Hephaestus stared at him, bemused. "Why do you kneel?"
"You're… seated," Cyd managed, his voice muffled. He gestured vaguely at her chair. "It seemed… disrespectful to look down on a divinity." And I really need to not be standing up right now, he didn't add.
This was, Hephaestus realized, perhaps the thousandth time this strange mortal had caused her to simply… pause. In all her immortal life, heroes had come to her workshop. They saw the forge, the wonders, the power. They saw the limp, the scars. They saw a means to an end—a divine artisan, a resource. They offered tribute, made promises, gave compliments that rang as hollow as a cracked bell. They never saw her. They certainly never worried about towering over her.
But this one… for eight years, his small, consistent offerings at remote shrines had been different. No grand requests. Just thanks for the warmth of fire, for the solidity of metal. And now he was here, sincere, terrified, awkward, and treating her with a deference that felt genuine, not strategic.
"Mortal," she said, her voice regaining some of its earlier sharpness. She rested her chin on her hand, fixing him with a glare that had made Titans flinch. "You displease me."
I KNEW IT! Cyd's heart tried to claw its way out of his throat. His smile was a grimace of pure dread. "How… how may I atone, Great Lady Hephaestus?"
"By answering a question." She leaned forward slightly, the motion causing the simple fabric of her dress to shift. Her other hand drifted down, her fingers tracing a slow, absent-minded path along the length of her own thigh, over the same spot his hands had been. The gesture was contemplative, not seductive, but to Cyd's hyper-aware senses, it was catastrophic. A traitorous gulp stuck in his throat, and he had to fight to keep his body from betraying him further.

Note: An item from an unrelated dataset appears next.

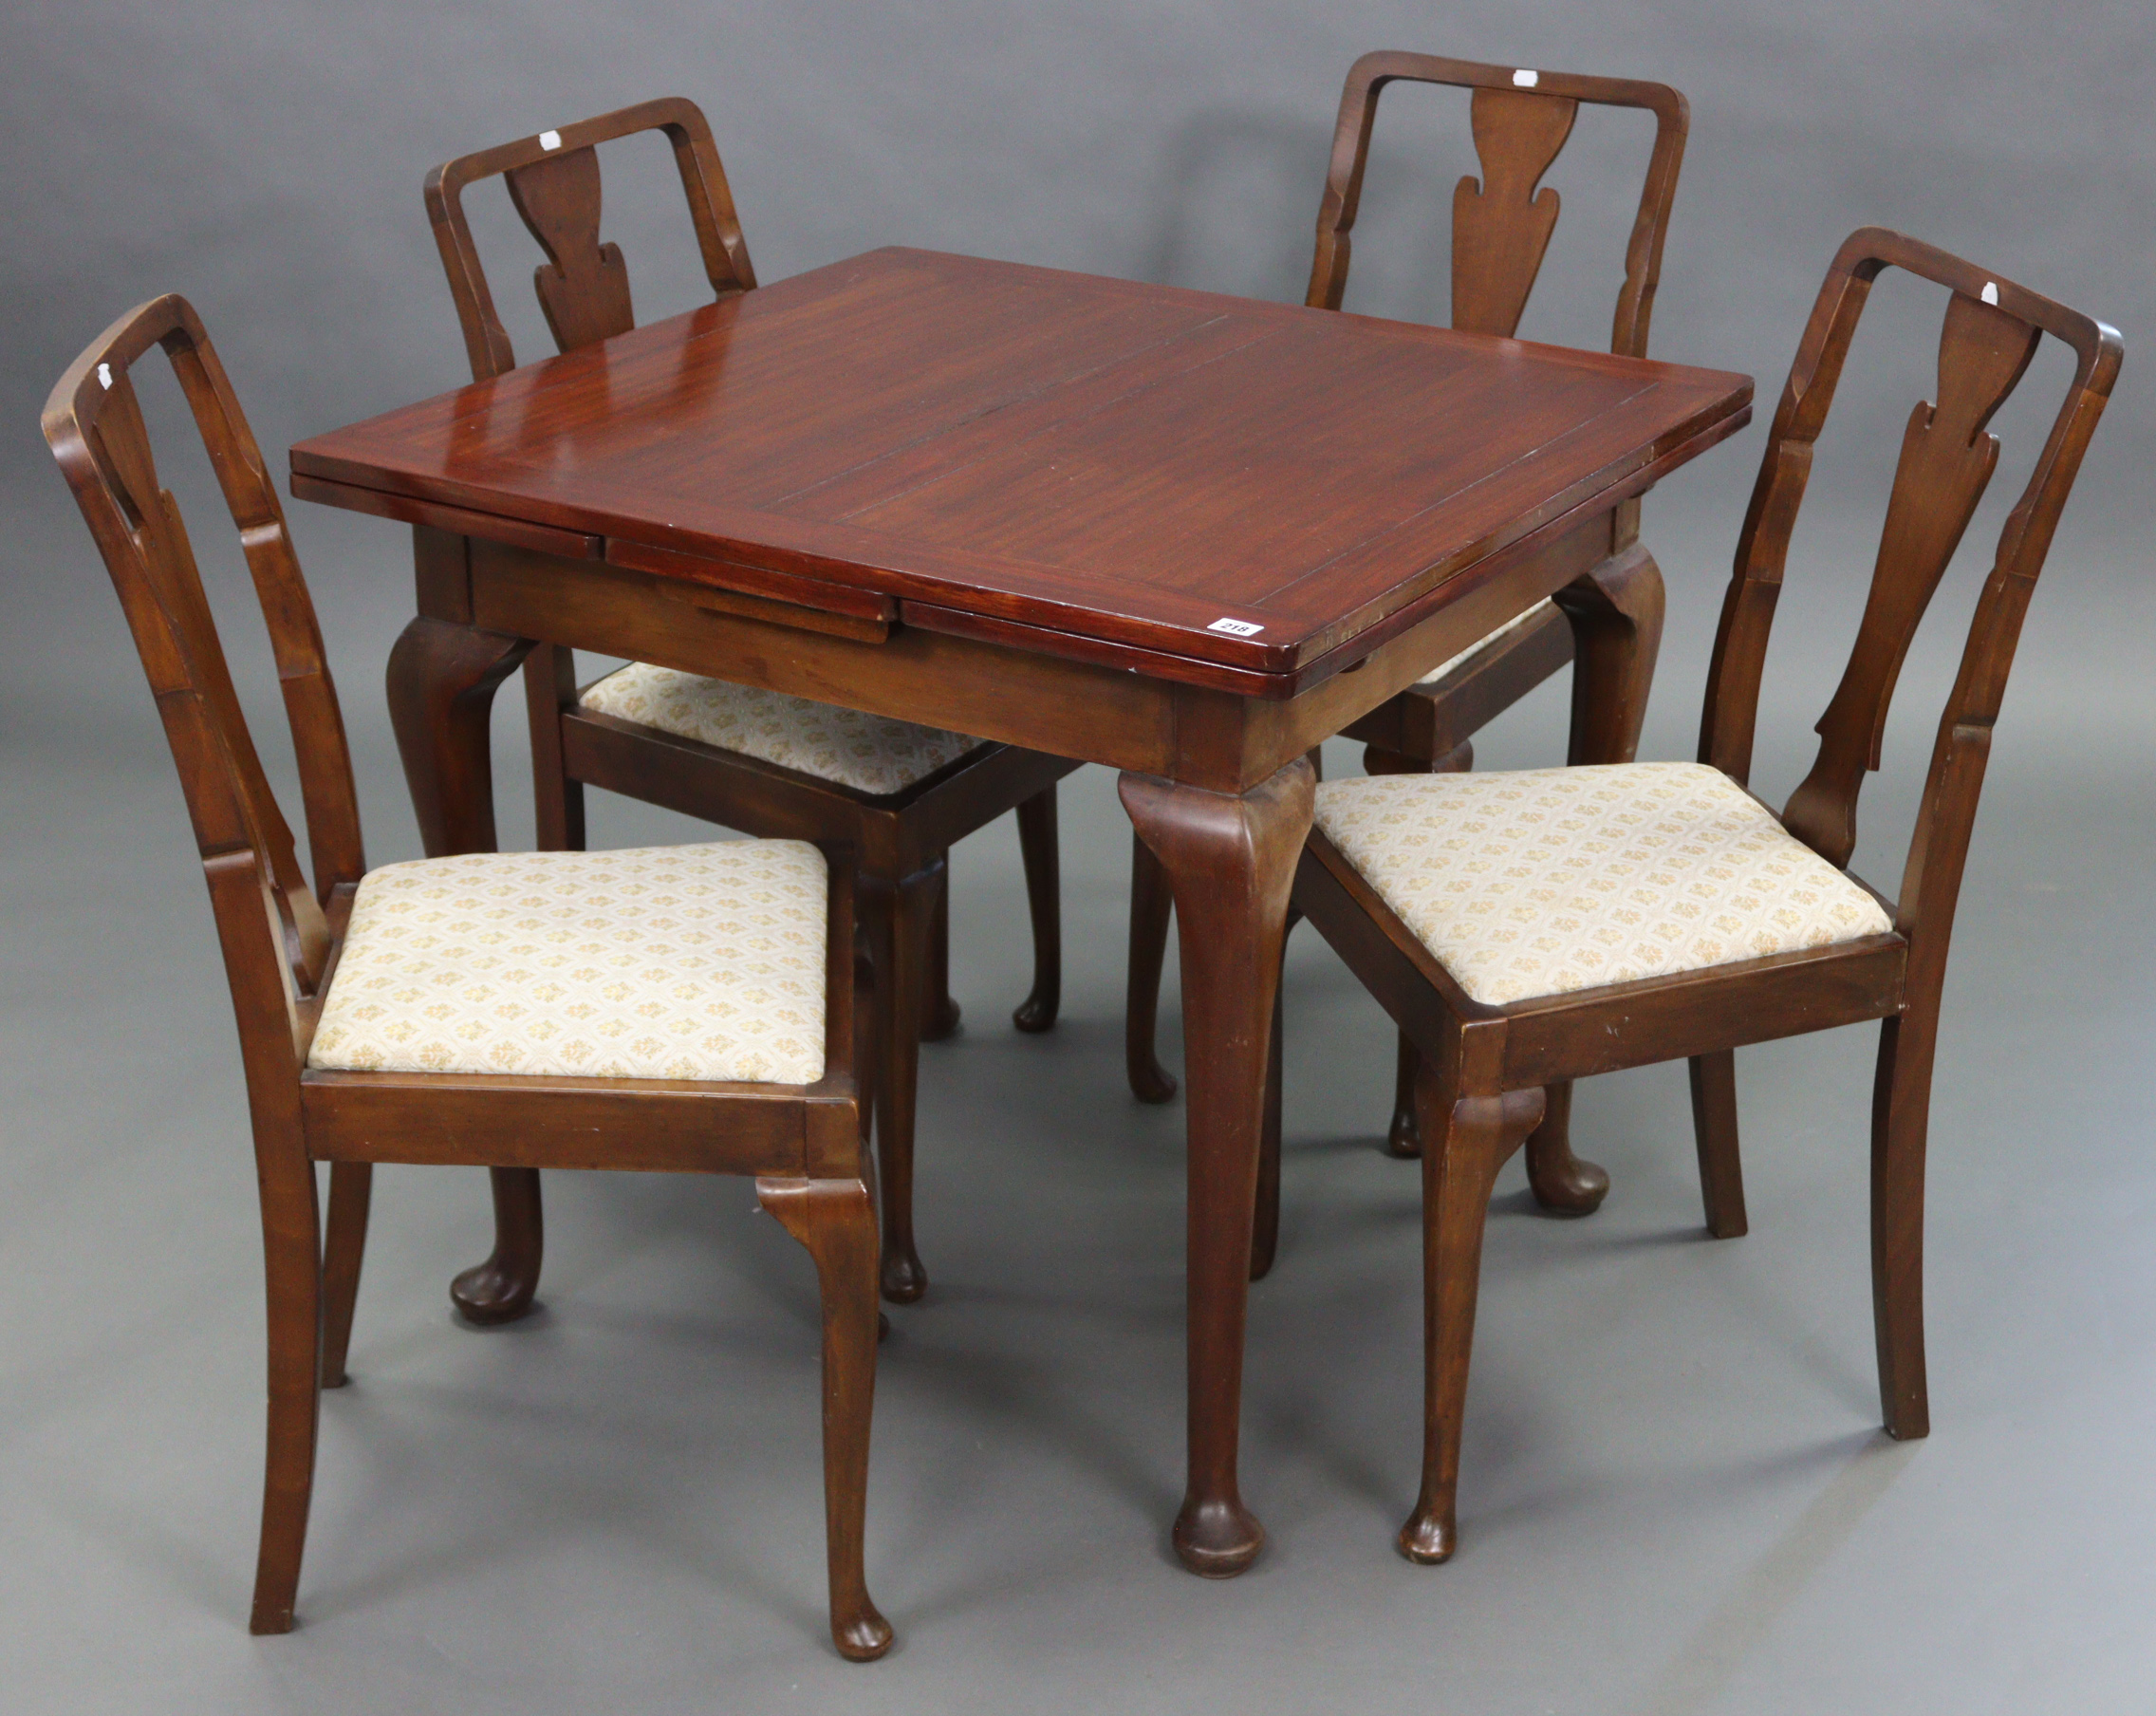 A mahogany draw-leaf dining table on four slender cabriole legs & pad feet, 32” x 57” (open), & a

Hephaestus's sharp eyes missed nothing. She saw the swallow, the subtle shift in his posture. It confused her even more. This man, who saw beauty in her scars, who knelt so as not to loom, was now… reacting to her? To her broken form? It made no sense. He should feel pity, or fear, or avarice. Not… this.
She couldn't comprehend it.
With another soft sigh, she reached out. Her hands, strong and calloused from millennia at the forge, yet surprisingly gentle, cupped Cyd's face, forcing him to look up and meet her molten gaze.
"The question can wait until I have decided what it is," she said, her thumb brushing over his cheekbone. "And your punishment will be determined after you give me your answer."
Cyd's brain, already operating at capacity, blue-screened. "Wha… huh? EEEEEH?!"